For a long time, superannuation has been the whale in the room for me. It’s a whale, and not an elephant, because it has a heavy, fluid sort of feeling. A creeping damp which I ignore, but is gradually staining the carpet and washing over my feet. I think, “I’ll deal with it later”, as everything begins to float on the rising sea.
It took a while to realise, I wasn’t quite sure that she was a whale, but then she said: “What am I? Did you guess? I am a fish.” (Croser, Josephine. & Muirhead, David. (2013). Can you guess?. Flinders Park, SA : Era Publications)
Superannuation is such a wet, deep thing that I can’t dive in, and yet I have an intense worry and fear, but I don’t want to think about it at all. My bed is a small ship, bobbing along on an ocean of financial unknowing. Or maybe I won’t have to ever think about it, I could be dead and not ever have to consider it:
“I can’t help but pull the earth around me, to make my bed” (lyrics from Florence + the Machine’s “To Wreck”).
…I’m so embedded in the dirt, grateful to the earth for cradling me. The moisture of this alien thing feels like a threat, making an earthquake in my cocooned stability, my head in the sand. I don’t want to be in the water below the hole dug along the coastline.

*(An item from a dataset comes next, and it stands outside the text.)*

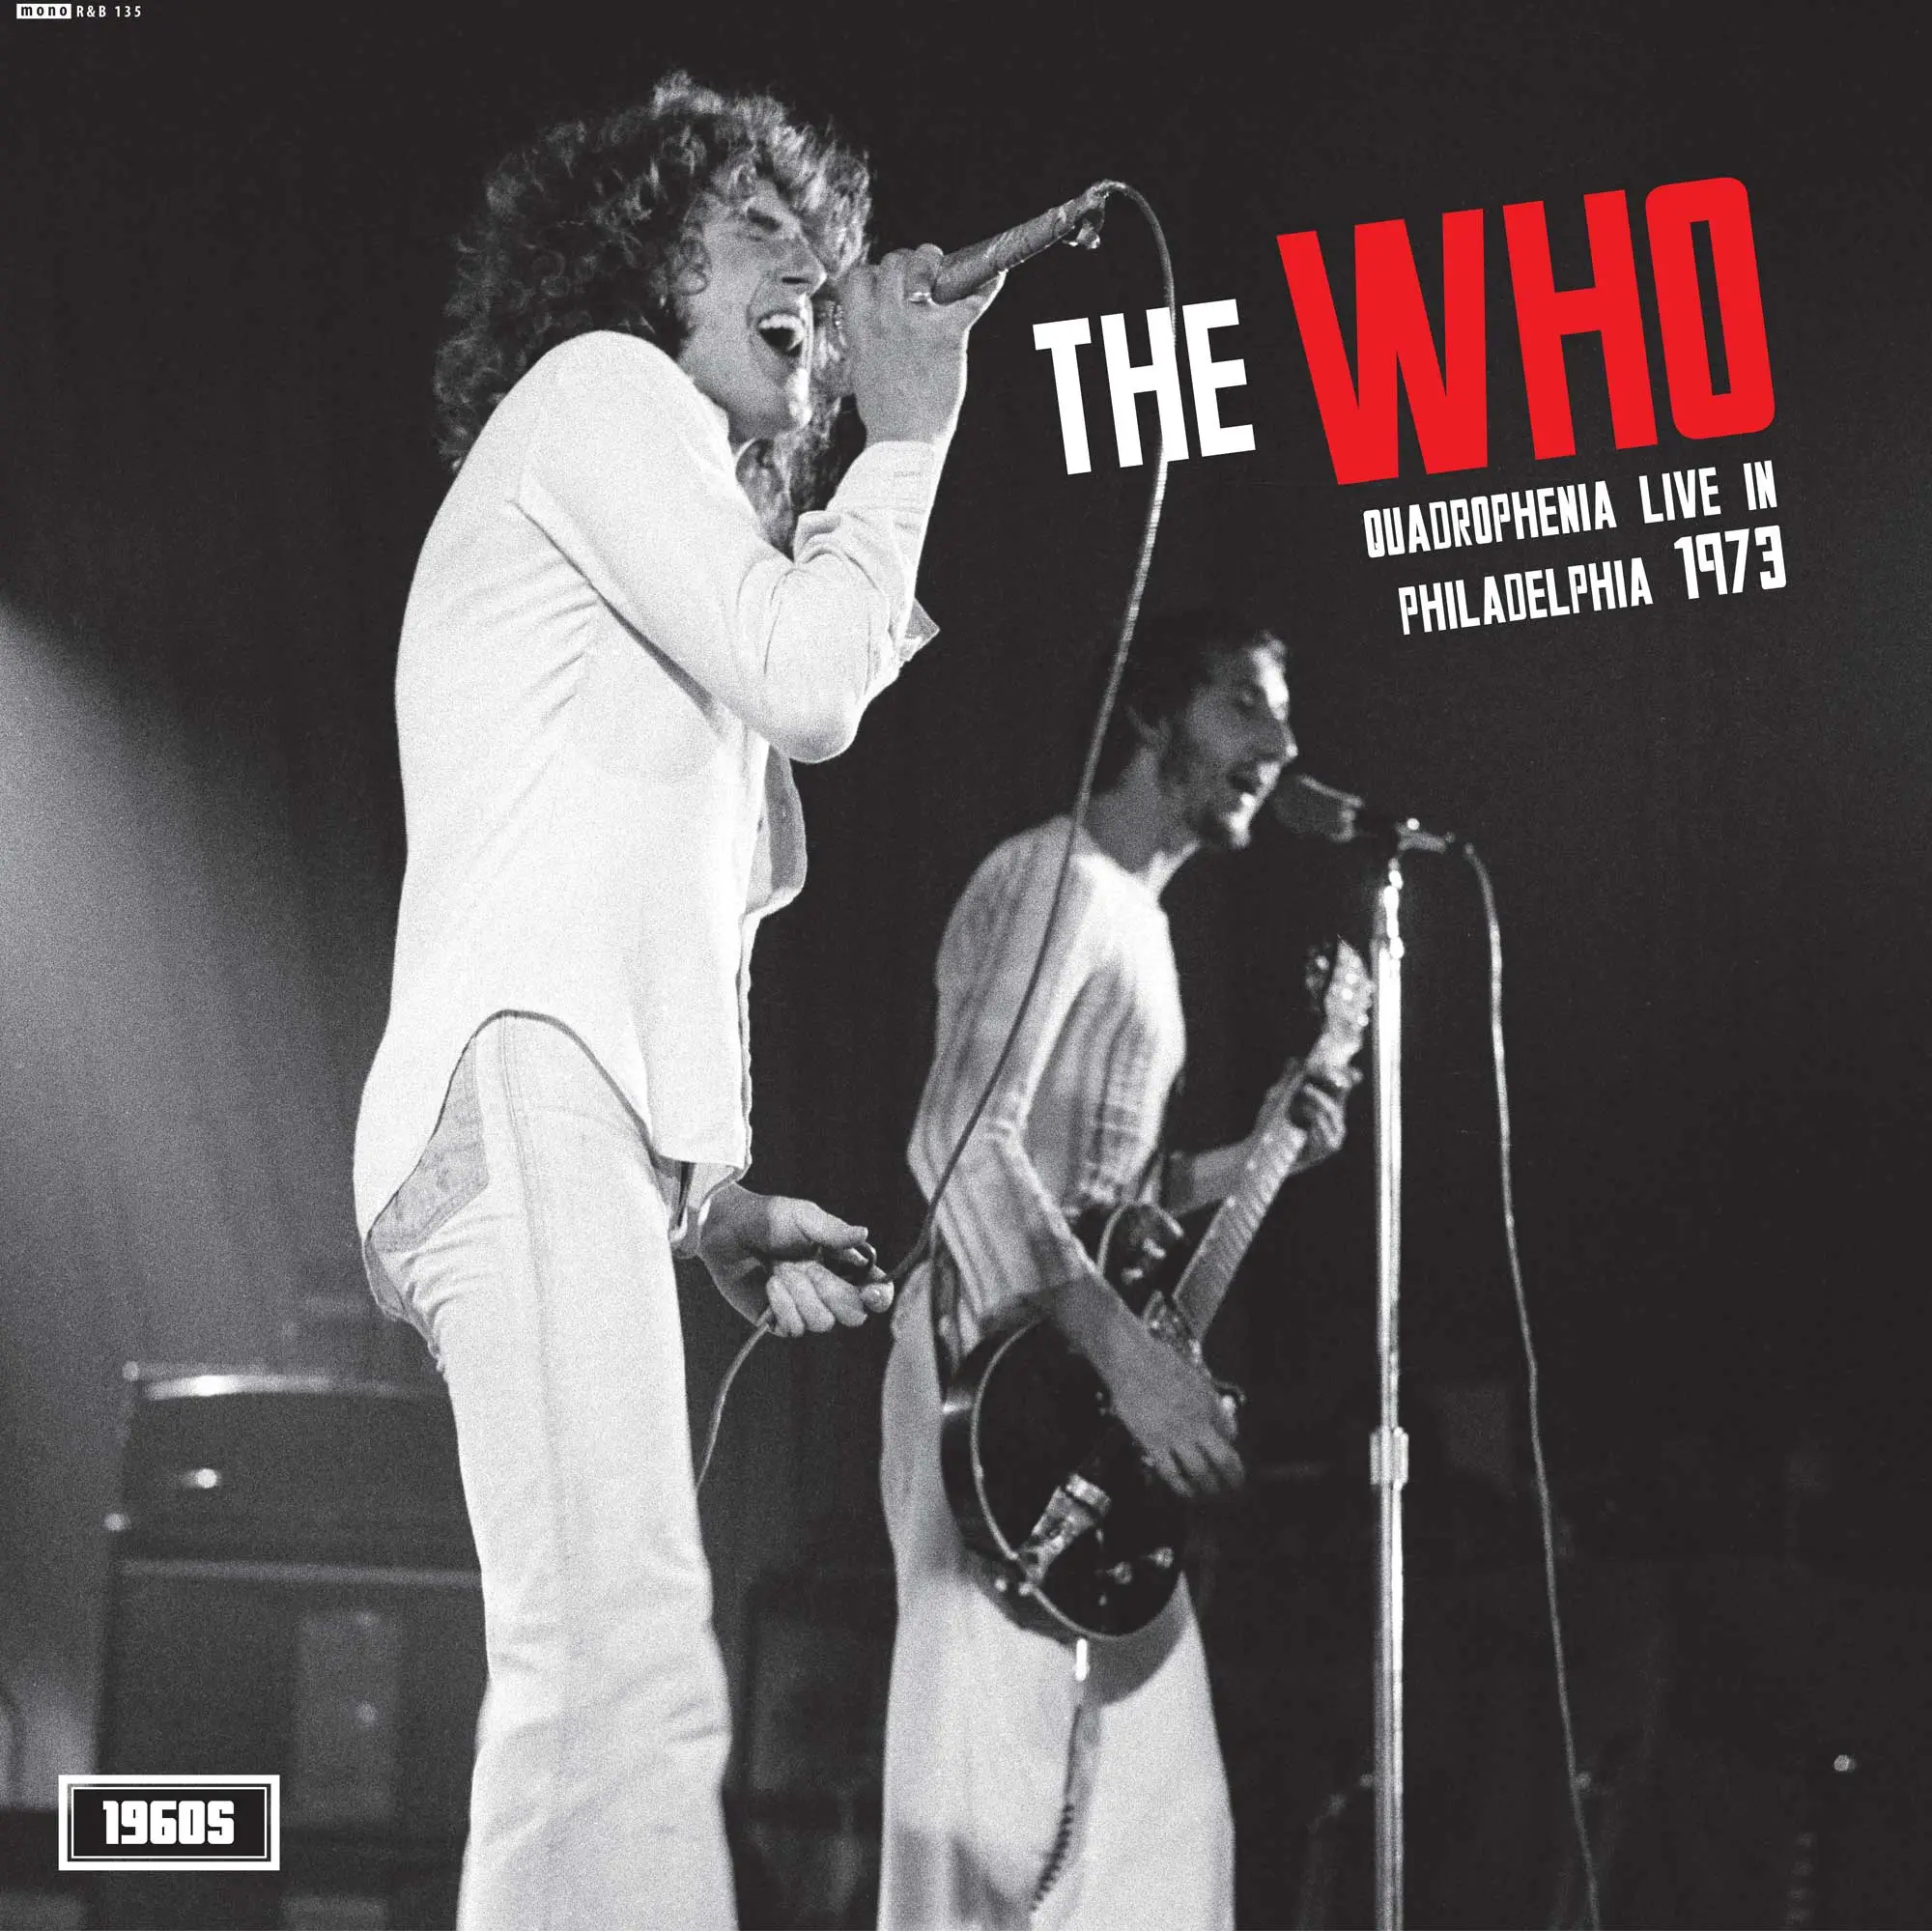 <strong>The Who - Quadrophenia Live in Philadelphia 1973</strong> (Vinyl LP - black)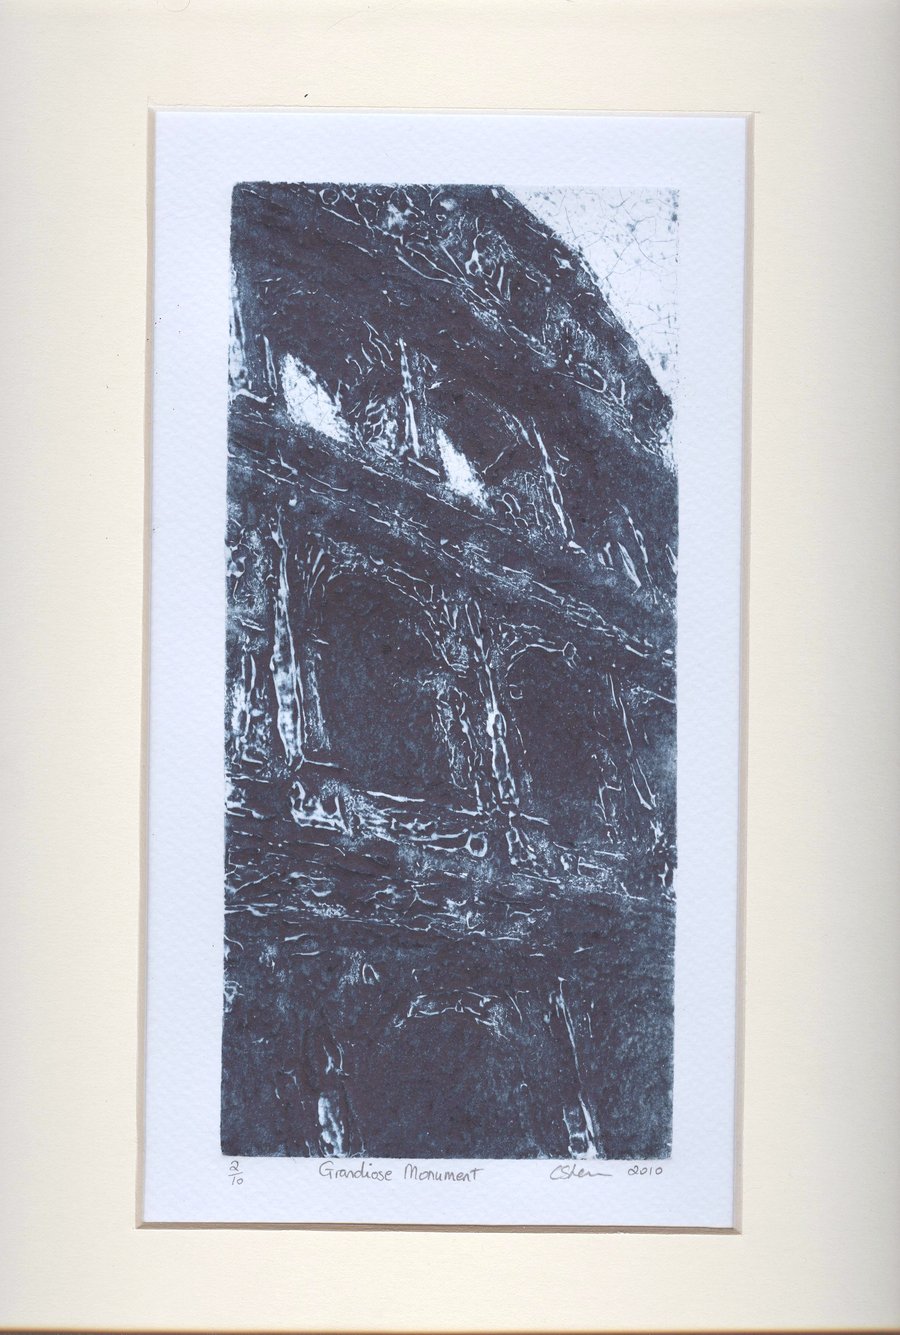 Grandoise Monument Limited Edition Collagraph Print Colosseum Art

We had an aquarium in our bedroom. All my feng shui books said how wrong this was (water affecting money where you sleep), and my energywork mentor said that our black ghost knife fish poorly impacted our money energy. I marvelled as he swam, but I worried that each undulating tremor of his rippling fin reshaped my money landscape like the tides on sand. We moved house and he died in the bathtub. I was sad but also relieved. I wanted to bury him in the garden, but took the coward’s way out with the rubbish. Then the idea of superannuation evolved into a much larger ghost knife fish, into a whale.
I brought all this sea-money baggage to the Canberra Library Tribe’s #GLAMRtax event last Thursday. The presenters were a financial planner (Scott Malcolm from Money Mechanics) and an accountant (Jane Hadrill from Hadrill accounting). “Ugh, superannuation,” I said to Scott, demeaning his love for something that he really does find super. Maybe it’s just because I’m aware of my total depth of misunderstanding, I’m treading water and can’t see the edge of the pool. The superannuation whale is a deadness draped on my shoulders, a dragging albatross, the devastation of a wasted and rotting carcass on the beach.
Scott and Jane helped me to realise that superannuation is actually mine (often, 9.5% of salary) – not an extraterrestrial force, but something that is kept for my future. Super can become lost too, like a seahorse following a different current (you can find it too or keep track of it). It’s providence, not punishment. I was so glad to hear good stories and perspectives about money, because I have been underwater about it for so long.
I realised that my golden superwhale was terrible (and terrifying), because I’d trapped her sublime beauty in a SeaWorld globe. From her prism, she had tried to reach me with all the power of the ocean, a salt line on my arms, a flood in the courtyard. I had thought that she was just a weird policy beast, but now I know she’s feathering a nest for the future. I just need keep her healthy, in a nice environment. I’ve lifted the dark, foreboding liquid, and visualised lightness and freedom, an expansive body of water for her to swim freely, flecked with the gold of future funds, attracting abundance.
When I’m an ancient elf living in a woodland cottage, she will dance in the nearby sea, spyhopping and lobtailing as we share our longtail money together. I am grateful to my guardian golden superwhale, for having been patient through all our dark water years and now into the lightness.